Po kolejnej godzinie jazdy, dotarliśmy przed wielgaśny dom. Był naprawdę wspaniały. Dwupiętrowy, szeroki budynek, otoczony idealnie przyciętym żywopłotem. Droga do frontowych drzwi, wyłożona była białymi kamieniami, po bokach poustawiane były małe lampki. Znajdowała się tutaj też mała fontanna.
- To tutaj mieszka?- zachwycił się Lou.
- Tak.- potwierdził Zayn. Wszyscy rzuciliśmy się do drzwi. Lily otworzyła nam, a my zamknęliśmy ją w uścisku.
- Ja właśnie wychodzę. Tylko nie roznieście mi domu, proszę.- spojrzała na nas błagalnie, a my potaknęliśmy.
- Przypilnuję ich.- zaśmiałem się.
- Ufam ci, Hazz.- cmoknęła nas w policzki i wzięła swoje 4 walizki. Nasze już zostały przyniesione, przez jakiegoś typka. Wzięliśmy wszystkie torby i ulokowaliśmy się w pasujących nam pokojach. Ja wybrałem z widokiem na ogród, by móc rano oglądać wschody słońca. Pewnie i tak żadnego nie ujrzę, ale trudno. Skończyłem rozkładać swoje rzeczy i postanowiłem się trochę ogarnąć. Wziąłem pierwsze lepsze rzeczy i następną godzinę spędziłem na miłej kąpieli. Gdy wyszedłem z wanny, wytarłem się i ubrałem. Włosy wysuszyłem i pozostawiłem w nieładzie.
- Chłopaki!- krzyknąłem schodząc do kuchni.
- Jeszcze się rozpakowujemy!- odkrzyknęli, a ja postanowiłem im pomóc. Wspólnymi siłami udało nam się to skończyć po 30 minutach.
- To co, zamawiamy pizzę?- zatarł ręce Horan.
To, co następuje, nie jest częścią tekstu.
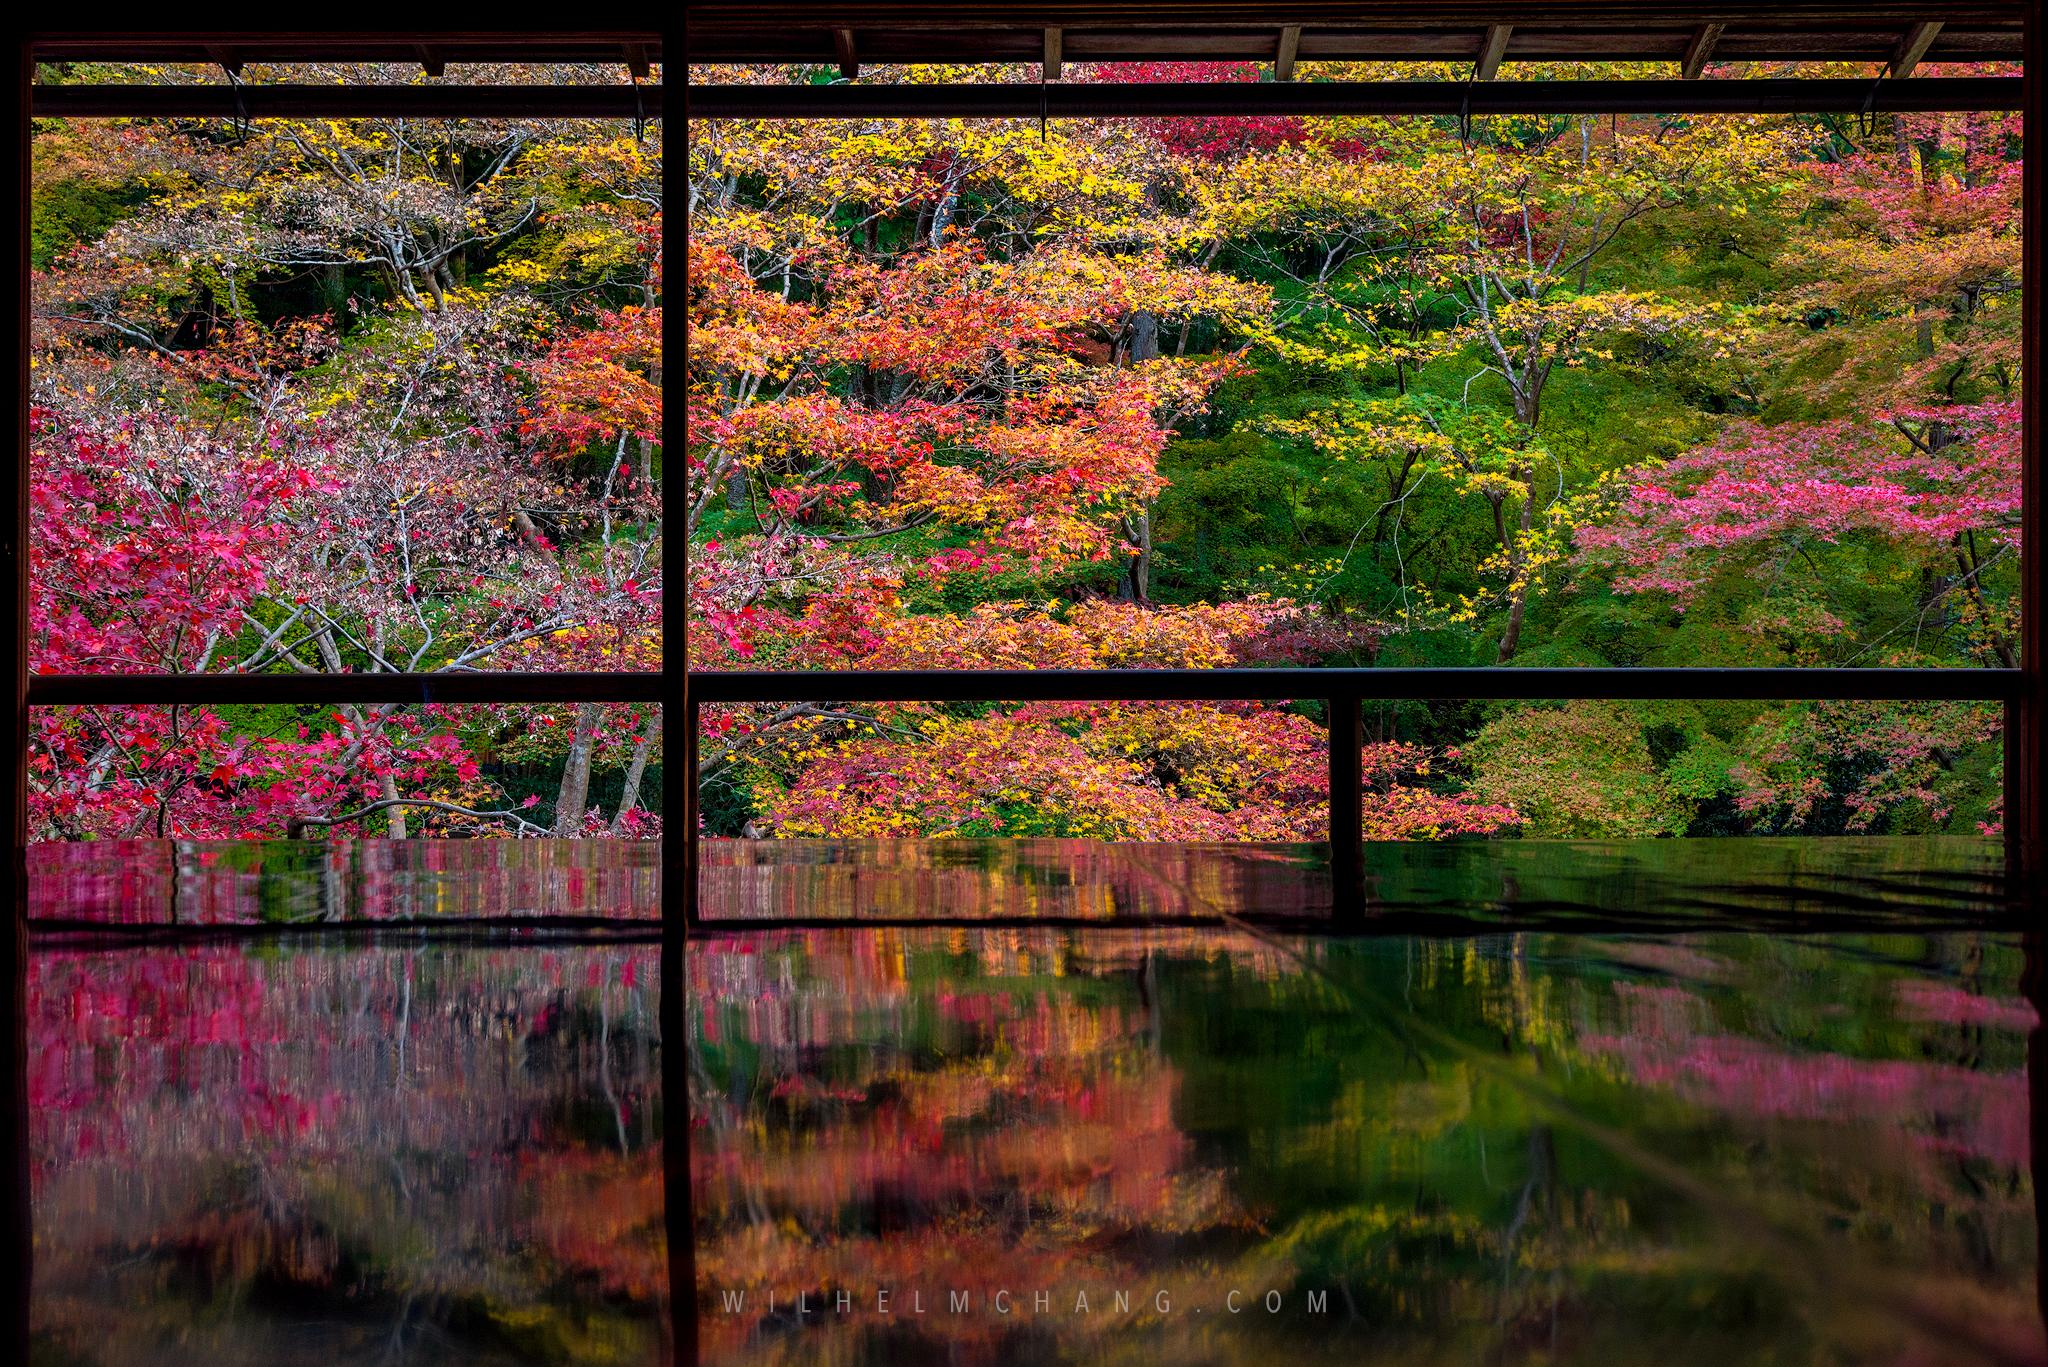 到京都攝影 賞楓特輯(一) 絕美三千院 寶泉院 琉璃光院 by Wilhelm Chang

- To dobry pomysł.- przytaknął Liam, dzięki czemu po kolejnej godzinie siedzieliśmy w salonie zajadając się pizzą i oglądając samych siebie w telewizji. Był to jakiś zabawny wywiad, bo nawet ja się śmiałem. Zjedliśmy wszystko i zdecydowaliśmy się zobaczyć ogród. Było pięknie. Duży basen po środku, mały barek niedaleko. Mały lasek kawałeczek dalej. Oprócz tego huśtawki, hamaki i naprawdę godna uwagi altanka. Skierowałem się na jedną z huśtawek. Usiadłem i lekko odepchnąłem nogami. O tak! To jest to.
- Panie dorosły, zaraz wpadnę do basenu!- zachichotał Zayn, ale rzeczywiście wpadł. Nie wypływał, przez co się zmartwiłem i natychmiast rzuciłem na pomoc.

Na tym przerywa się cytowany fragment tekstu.